=== Section Start ===

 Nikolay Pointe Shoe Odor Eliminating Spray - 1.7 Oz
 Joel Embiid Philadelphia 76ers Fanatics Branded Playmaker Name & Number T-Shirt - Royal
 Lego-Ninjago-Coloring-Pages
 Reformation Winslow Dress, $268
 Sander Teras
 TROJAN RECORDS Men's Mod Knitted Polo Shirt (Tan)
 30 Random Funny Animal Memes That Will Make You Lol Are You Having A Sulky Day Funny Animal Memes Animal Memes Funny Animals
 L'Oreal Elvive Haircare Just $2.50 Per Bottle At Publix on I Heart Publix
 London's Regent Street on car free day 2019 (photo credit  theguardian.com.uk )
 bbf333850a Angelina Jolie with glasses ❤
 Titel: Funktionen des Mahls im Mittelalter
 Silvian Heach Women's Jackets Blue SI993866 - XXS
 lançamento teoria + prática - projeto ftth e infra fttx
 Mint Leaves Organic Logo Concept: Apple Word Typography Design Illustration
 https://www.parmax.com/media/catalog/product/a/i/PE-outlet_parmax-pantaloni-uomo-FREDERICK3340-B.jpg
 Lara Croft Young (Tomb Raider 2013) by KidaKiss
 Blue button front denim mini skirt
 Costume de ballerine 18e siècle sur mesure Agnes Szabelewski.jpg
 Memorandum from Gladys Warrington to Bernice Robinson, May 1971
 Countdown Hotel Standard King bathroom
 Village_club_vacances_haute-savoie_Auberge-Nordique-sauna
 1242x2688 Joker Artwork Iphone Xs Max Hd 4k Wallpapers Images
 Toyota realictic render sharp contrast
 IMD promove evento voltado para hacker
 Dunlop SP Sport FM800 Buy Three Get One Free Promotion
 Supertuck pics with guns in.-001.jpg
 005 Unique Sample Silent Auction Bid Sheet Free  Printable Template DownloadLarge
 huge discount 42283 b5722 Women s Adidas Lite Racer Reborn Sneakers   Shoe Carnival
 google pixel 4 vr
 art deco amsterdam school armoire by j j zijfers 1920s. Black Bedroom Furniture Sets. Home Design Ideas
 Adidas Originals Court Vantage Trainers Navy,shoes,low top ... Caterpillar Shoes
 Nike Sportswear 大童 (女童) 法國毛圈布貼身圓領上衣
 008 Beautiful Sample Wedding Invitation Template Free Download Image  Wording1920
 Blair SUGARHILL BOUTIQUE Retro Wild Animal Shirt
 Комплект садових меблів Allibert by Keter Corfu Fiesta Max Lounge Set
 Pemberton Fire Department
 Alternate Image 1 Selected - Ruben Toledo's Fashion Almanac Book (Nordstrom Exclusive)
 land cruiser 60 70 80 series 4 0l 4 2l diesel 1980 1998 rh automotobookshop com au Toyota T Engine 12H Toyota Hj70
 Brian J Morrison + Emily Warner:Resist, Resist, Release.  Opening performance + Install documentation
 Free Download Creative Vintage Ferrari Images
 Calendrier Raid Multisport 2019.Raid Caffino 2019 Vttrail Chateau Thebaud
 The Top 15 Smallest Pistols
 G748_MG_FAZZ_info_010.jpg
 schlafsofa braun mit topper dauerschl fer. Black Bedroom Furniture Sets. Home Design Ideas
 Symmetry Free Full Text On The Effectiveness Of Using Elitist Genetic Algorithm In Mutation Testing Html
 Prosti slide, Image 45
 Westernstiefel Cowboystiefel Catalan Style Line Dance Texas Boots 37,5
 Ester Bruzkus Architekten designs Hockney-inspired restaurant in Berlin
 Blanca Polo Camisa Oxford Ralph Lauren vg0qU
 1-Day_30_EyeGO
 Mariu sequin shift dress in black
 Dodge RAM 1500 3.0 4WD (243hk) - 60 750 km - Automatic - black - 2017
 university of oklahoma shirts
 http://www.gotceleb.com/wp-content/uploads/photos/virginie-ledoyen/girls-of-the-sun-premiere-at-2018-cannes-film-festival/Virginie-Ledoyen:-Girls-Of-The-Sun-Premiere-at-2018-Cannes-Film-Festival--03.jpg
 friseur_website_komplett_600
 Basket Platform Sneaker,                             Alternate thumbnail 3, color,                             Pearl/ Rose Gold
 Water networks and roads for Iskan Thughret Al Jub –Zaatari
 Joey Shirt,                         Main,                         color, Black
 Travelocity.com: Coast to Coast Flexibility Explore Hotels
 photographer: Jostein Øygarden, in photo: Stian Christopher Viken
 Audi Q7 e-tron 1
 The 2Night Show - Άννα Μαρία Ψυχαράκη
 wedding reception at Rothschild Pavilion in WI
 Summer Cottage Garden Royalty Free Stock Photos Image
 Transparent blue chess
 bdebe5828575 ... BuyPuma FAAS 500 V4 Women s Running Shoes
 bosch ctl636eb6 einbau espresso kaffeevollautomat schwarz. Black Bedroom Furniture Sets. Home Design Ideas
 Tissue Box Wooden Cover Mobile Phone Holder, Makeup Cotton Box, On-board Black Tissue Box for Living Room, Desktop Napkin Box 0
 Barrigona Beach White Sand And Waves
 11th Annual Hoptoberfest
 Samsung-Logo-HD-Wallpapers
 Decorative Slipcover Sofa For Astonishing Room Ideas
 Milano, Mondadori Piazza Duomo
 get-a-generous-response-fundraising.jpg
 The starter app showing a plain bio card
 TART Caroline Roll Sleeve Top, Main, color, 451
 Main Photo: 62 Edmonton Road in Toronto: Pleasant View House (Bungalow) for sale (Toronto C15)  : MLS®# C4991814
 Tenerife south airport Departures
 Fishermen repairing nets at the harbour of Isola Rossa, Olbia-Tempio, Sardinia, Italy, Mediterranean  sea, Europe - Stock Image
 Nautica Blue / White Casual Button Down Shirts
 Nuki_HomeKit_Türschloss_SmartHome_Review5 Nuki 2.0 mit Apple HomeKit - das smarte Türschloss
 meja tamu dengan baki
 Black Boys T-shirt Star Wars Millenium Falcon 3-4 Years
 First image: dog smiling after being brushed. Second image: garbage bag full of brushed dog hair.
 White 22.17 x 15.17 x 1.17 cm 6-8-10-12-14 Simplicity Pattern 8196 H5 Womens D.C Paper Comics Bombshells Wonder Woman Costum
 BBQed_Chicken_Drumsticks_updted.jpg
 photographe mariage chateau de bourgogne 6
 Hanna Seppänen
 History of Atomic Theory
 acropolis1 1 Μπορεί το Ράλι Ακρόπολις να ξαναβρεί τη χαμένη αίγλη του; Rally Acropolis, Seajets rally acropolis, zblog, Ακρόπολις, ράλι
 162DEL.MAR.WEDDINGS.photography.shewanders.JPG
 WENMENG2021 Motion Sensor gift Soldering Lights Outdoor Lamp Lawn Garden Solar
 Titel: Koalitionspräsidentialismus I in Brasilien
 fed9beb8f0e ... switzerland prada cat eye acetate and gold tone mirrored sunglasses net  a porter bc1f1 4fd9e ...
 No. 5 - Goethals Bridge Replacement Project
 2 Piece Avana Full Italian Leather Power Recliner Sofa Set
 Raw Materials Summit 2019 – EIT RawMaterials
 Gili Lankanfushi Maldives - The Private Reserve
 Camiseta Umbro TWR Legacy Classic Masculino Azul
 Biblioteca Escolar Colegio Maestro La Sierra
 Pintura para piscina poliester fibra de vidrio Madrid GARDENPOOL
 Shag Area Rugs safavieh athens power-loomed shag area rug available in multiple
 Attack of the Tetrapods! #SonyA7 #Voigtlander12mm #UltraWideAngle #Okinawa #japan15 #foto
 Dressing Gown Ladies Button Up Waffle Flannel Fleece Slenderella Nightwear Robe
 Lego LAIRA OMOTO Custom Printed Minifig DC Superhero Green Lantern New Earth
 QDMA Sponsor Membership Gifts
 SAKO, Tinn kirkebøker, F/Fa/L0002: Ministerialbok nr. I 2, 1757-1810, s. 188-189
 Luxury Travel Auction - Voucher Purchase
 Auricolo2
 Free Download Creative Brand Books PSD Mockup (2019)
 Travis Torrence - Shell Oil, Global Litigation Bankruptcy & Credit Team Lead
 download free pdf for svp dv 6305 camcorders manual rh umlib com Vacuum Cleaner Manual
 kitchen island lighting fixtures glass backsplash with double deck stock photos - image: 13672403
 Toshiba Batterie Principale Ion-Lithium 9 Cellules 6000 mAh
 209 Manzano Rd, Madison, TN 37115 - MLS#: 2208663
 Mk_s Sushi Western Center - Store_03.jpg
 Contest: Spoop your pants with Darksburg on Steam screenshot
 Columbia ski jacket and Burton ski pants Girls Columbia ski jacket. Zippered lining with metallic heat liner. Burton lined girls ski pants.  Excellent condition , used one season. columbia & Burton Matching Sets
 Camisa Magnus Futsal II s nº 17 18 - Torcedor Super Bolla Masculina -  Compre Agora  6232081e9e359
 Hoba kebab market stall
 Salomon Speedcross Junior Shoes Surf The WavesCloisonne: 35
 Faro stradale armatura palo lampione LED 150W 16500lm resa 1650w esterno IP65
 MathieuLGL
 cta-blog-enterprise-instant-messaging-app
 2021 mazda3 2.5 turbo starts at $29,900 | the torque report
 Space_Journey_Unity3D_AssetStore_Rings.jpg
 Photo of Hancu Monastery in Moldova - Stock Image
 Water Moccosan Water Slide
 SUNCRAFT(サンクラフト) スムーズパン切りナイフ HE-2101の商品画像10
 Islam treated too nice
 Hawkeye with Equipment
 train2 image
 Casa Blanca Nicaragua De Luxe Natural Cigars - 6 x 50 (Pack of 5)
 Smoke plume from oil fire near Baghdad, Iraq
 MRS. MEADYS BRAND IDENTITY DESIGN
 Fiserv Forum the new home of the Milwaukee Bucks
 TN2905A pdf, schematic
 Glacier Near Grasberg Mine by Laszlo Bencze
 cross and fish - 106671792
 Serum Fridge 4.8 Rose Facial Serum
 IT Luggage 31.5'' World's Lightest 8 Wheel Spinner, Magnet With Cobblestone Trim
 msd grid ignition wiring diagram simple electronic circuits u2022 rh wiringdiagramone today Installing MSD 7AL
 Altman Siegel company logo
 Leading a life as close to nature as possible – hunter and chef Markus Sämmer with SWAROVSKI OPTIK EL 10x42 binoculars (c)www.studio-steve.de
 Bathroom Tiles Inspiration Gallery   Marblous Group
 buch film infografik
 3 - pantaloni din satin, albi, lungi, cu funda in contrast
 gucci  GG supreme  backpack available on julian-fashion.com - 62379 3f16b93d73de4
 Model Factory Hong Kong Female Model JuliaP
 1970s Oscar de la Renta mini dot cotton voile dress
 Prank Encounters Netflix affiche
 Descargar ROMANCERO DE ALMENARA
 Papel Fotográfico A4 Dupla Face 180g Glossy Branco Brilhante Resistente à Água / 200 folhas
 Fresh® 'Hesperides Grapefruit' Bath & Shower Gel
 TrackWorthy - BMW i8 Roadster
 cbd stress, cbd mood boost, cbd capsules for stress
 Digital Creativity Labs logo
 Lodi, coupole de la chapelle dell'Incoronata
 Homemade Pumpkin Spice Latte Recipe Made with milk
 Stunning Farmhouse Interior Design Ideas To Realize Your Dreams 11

=== Section End ===

*What to work on:*
Extract from the listing above the lines between the line containing "Mk_s Sushi Western Center - Store_03.jpg" and the line containing "Altman Siegel company logo", keeping both of those lines. Output nothing else.

*Exercise response:*
 Mk_s Sushi Western Center - Store_03.jpg
 Contest: Spoop your pants with Darksburg on Steam screenshot
 Columbia ski jacket and Burton ski pants Girls Columbia ski jacket. Zippered lining with metallic heat liner. Burton lined girls ski pants.  Excellent condition , used one season. columbia & Burton Matching Sets
 Camisa Magnus Futsal II s nº 17 18 - Torcedor Super Bolla Masculina -  Compre Agora  6232081e9e359
 Hoba kebab market stall
 Salomon Speedcross Junior Shoes Surf The WavesCloisonne: 35
 Faro stradale armatura palo lampione LED 150W 16500lm resa 1650w esterno IP65
 MathieuLGL
 cta-blog-enterprise-instant-messaging-app
 2021 mazda3 2.5 turbo starts at $29,900 | the torque report
 Space_Journey_Unity3D_AssetStore_Rings.jpg
 Photo of Hancu Monastery in Moldova - Stock Image
 Water Moccosan Water Slide
 SUNCRAFT(サンクラフト) スムーズパン切りナイフ HE-2101の商品画像10
 Islam treated too nice
 Hawkeye with Equipment
 train2 image
 Casa Blanca Nicaragua De Luxe Natural Cigars - 6 x 50 (Pack of 5)
 Smoke plume from oil fire near Baghdad, Iraq
 MRS. MEADYS BRAND IDENTITY DESIGN
 Fiserv Forum the new home of the Milwaukee Bucks
 TN2905A pdf, schematic
 Glacier Near Grasberg Mine by Laszlo Bencze
 cross and fish - 106671792
 Serum Fridge 4.8 Rose Facial Serum
 IT Luggage 31.5'' World's Lightest 8 Wheel Spinner, Magnet With Cobblestone Trim
 msd grid ignition wiring diagram simple electronic circuits u2022 rh wiringdiagramone today Installing MSD 7AL
 Altman Siegel company logo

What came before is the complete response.